We use the trained model to make predictions on the unseen (test) data:

preds = results.get_prediction(x_test)
print(type(preds))

preds_df = preds.summary_frame(alpha=0.05)
preds_df

When we use the summary_frame method on prediction results, it returns a DataFrame with several columns. Here’s a breakdown of what they mean:

  • Prediction (mean): This is the predicted value for each observation based on the model. It’s essentially the point prediction (ŷ) for the corresponding input.

  • Standard Error (mean_se): This stands for the standard error of the predicted mean. It measures the uncertainty associated with the predicted value due to sampling variability. A smaller mean_se indicates higher confidence in the predicted mean.

  • Confidence Interval (mean_ci_lower and mean_ci_upper): Represents the range in which the true mean prediction is likely to lie. For predicting the average value (e.g. “the average apple weight is between 140 and 160 grams”).
  • Prediction Interval (obs_ci_lower and obs_ci_upper): Represents the range in which an individual new observation is likely to lie.
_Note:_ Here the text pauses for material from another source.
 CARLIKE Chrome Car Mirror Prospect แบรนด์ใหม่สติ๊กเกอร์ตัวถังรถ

For predicting the range where individual values could fall (e.g. “an individual apple might weigh between 120 and 180 grams”).
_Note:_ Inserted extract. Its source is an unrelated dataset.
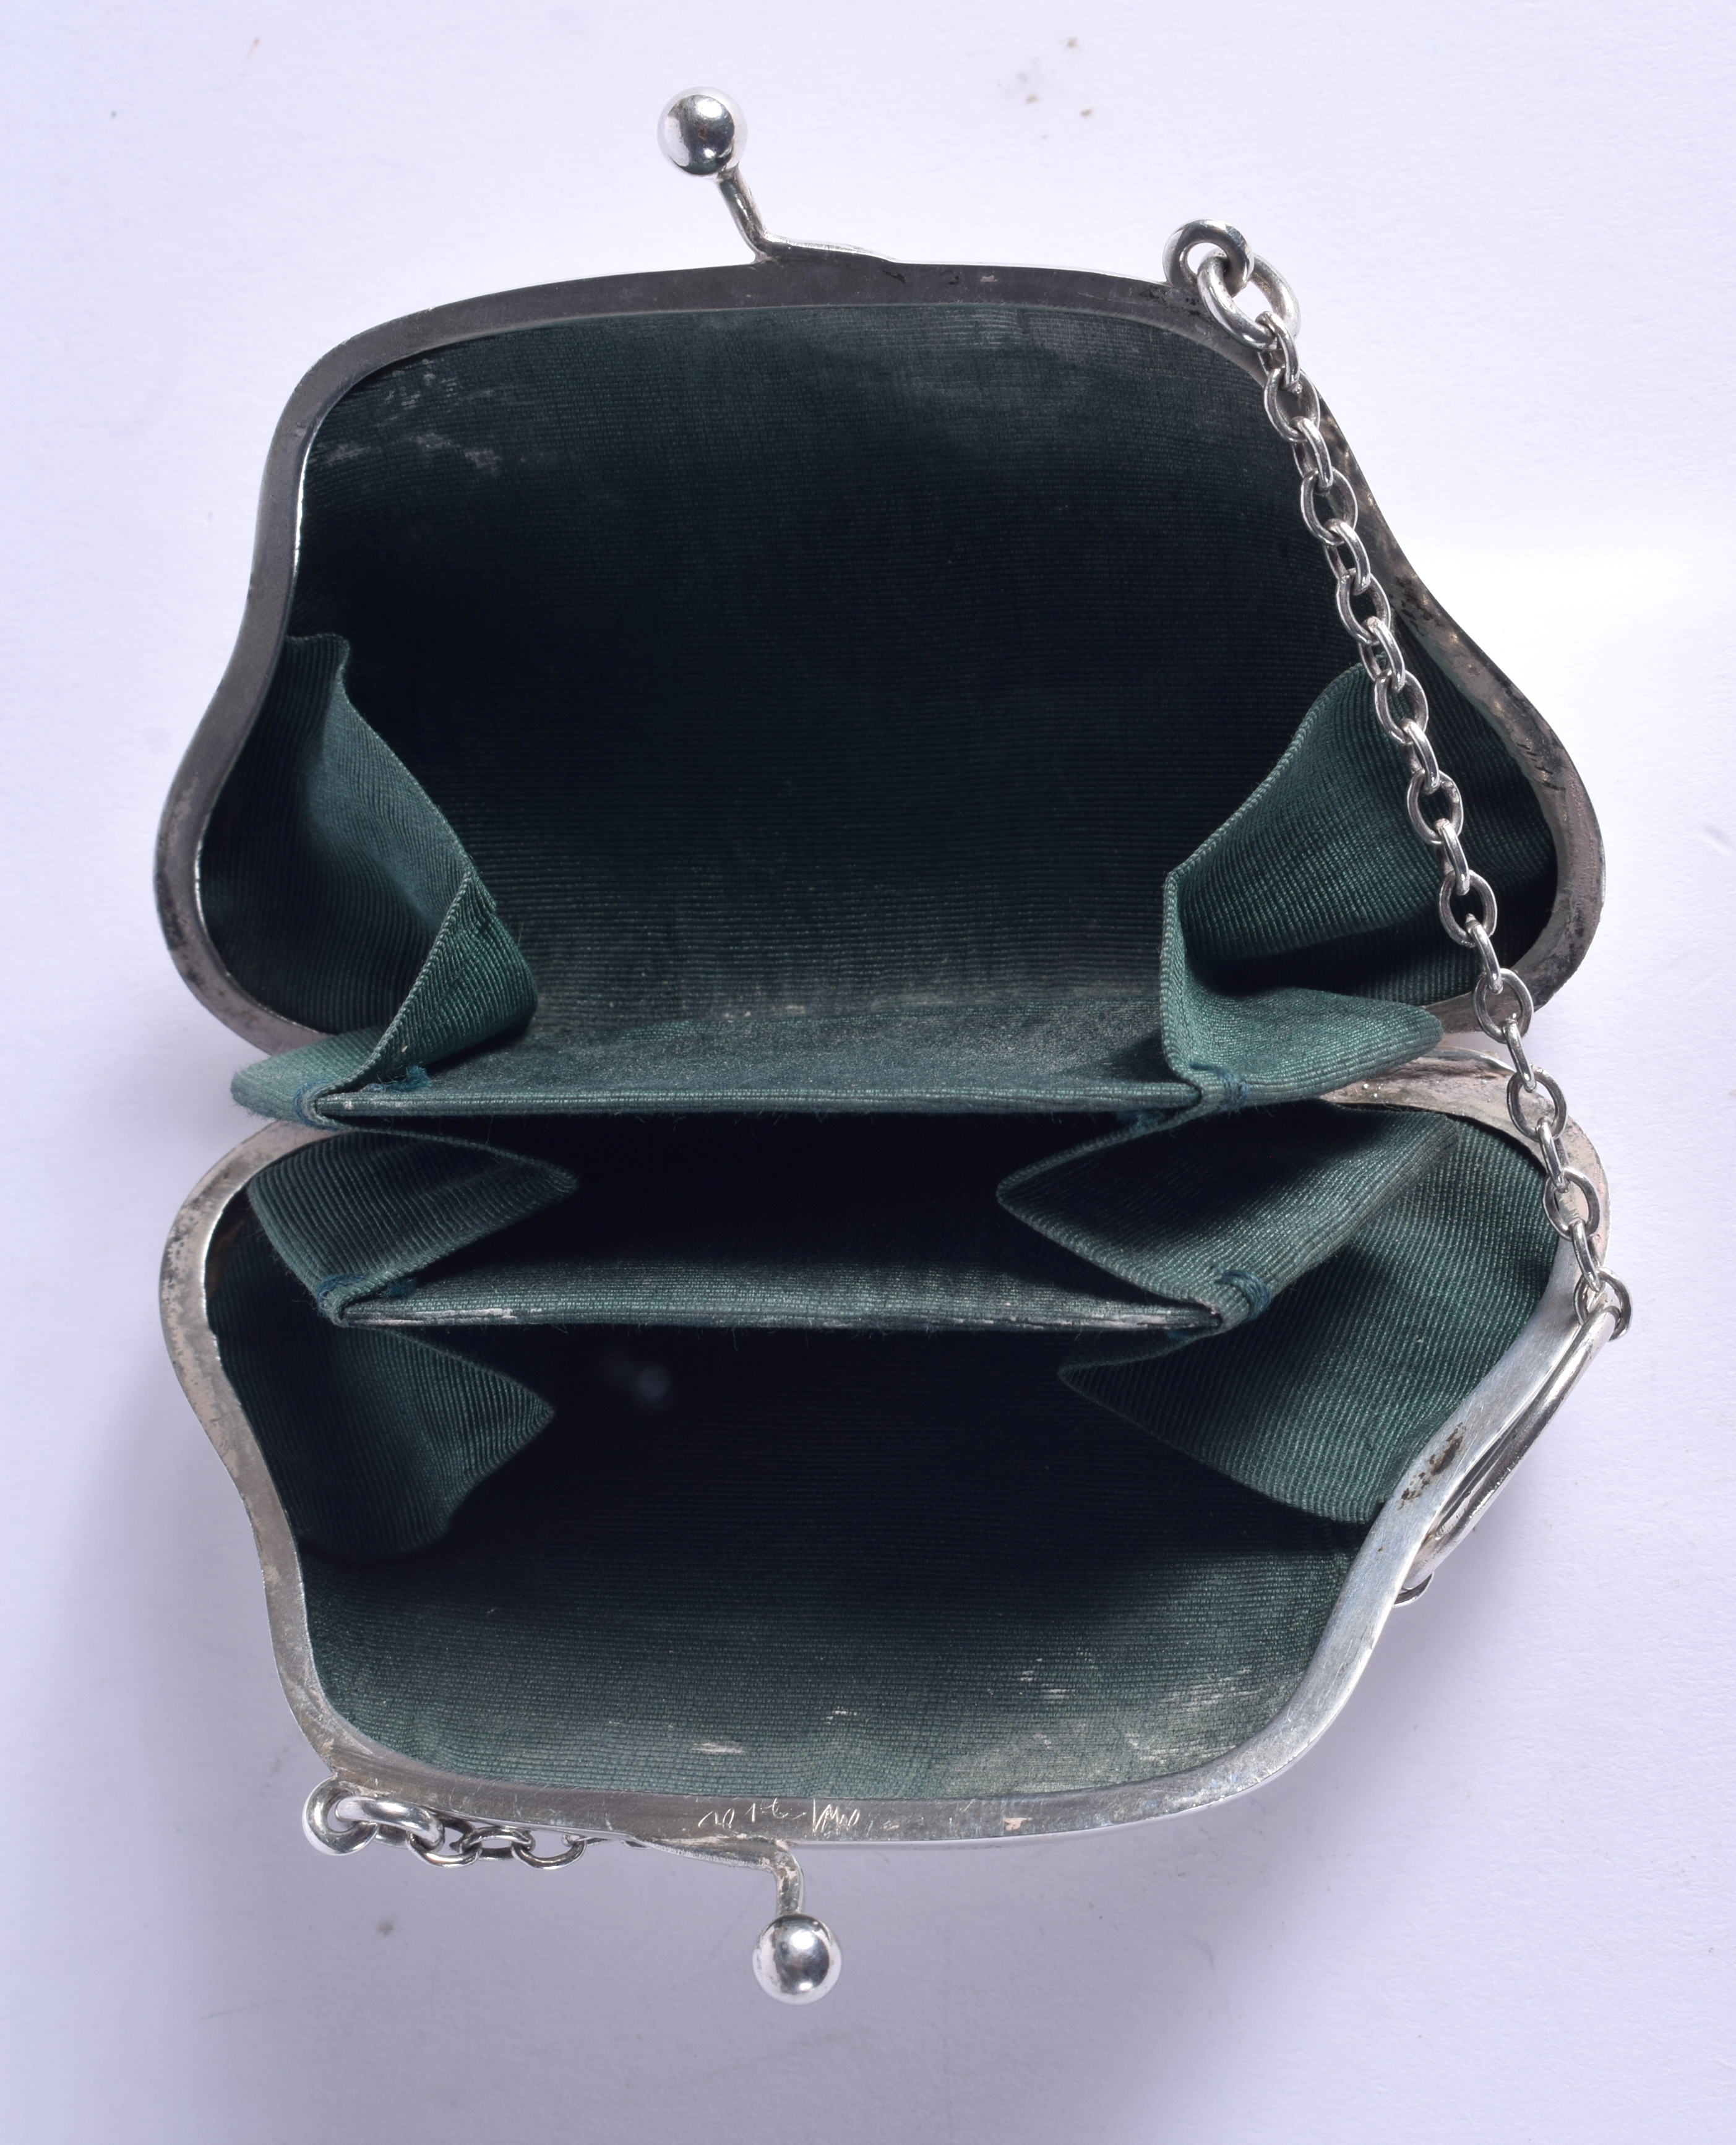 AN ANTIQUE SILVER PURSE. Chester 1915. 49 grams. 9 cm x 6.5 cm. - Image 2 of 2

Merging the actual values in, so we can compare predicted values vs actual values:

# reconstruct test set:
test_set = df.loc[x_test.index].copy()

# merge in prediction results:
test_set = test_set.merge(preds_df, how="inner",
                         left_index=True, right_index=True
)
test_set.rename(columns={"mean":"Prediction", "mean_se": "Standard Error",
                        "mean_ci_upper": "CI Upper", "mean_ci_lower": "CI Lower",
                        "obs_ci_upper": "PI Upper", "obs_ci_lower": "PI Lower",
                        }, inplace=True
)
test_set["My Error"] = test_set["Grade"] - test_set["Prediction"]
test_set

Visualizing the predictions:

import plotly.express as px

chart_df = test_set.copy()

# Create the plot
fig = px.scatter(chart_df, x="StudyHours", y="Grade", height=350,
                 title="True vs Predicted Grade (with Pred Interval and Confidence Interval)"
                 )

fig.add_scatter(x=chart_df["StudyHours"], y=chart_df['Prediction'],
                mode='lines+markers',
                name='Prediction (with PI)',
                marker=dict(color='mediumpurple'), #size=10, symbol="x"
                error_y=dict(type='data', symmetric=False,
                             array=chart_df['PI Upper'],
                             arrayminus=chart_df['PI Lower']),
                legendrank=1)

fig.add_scatter(x=chart_df["StudyHours"], y=chart_df['Prediction'],
                mode='lines+markers',
                name='Prediction (with CI)',
                marker=dict(color='lightblue',# size=10, #symbol="x"
                ),
                error_y=dict(type='data', symmetric=False,
                             array=chart_df['CI Upper'],
                             arrayminus=chart_df['CI Lower']),
                legendrank=1)

# Now add the scatter for the true values again, placing this plot behind
# (hack to get the actual values in front)
fig.add_scatter(x=chart_df["StudyHours"], y=chart_df['Grade'],
                mode='markers',
                name='True Value',
                marker=dict(color='blue', size=10, symbol="x"),
                legendrank=2)

fig.show()

Evaluating the model using our evaluation metrics from sklearn:

from sklearn.metrics import r2_score, mean_squared_error, mean_absolute_error

y_pred = test_set["Prediction"]

r2 = r2_score(y_test, y_pred)
print("R^2:", round(r2, 3))

mae = mean_absolute_error(y_test, y_pred)
print("MAE:", round(mae, 3))

mse = mean_squared_error(y_test, y_pred)
print("MSE:", round(mse,3))

rmse = mse ** .5
print("RMSE:", rmse.round(3))

We see the same results on the test set that we did with the sklearn regression implementation.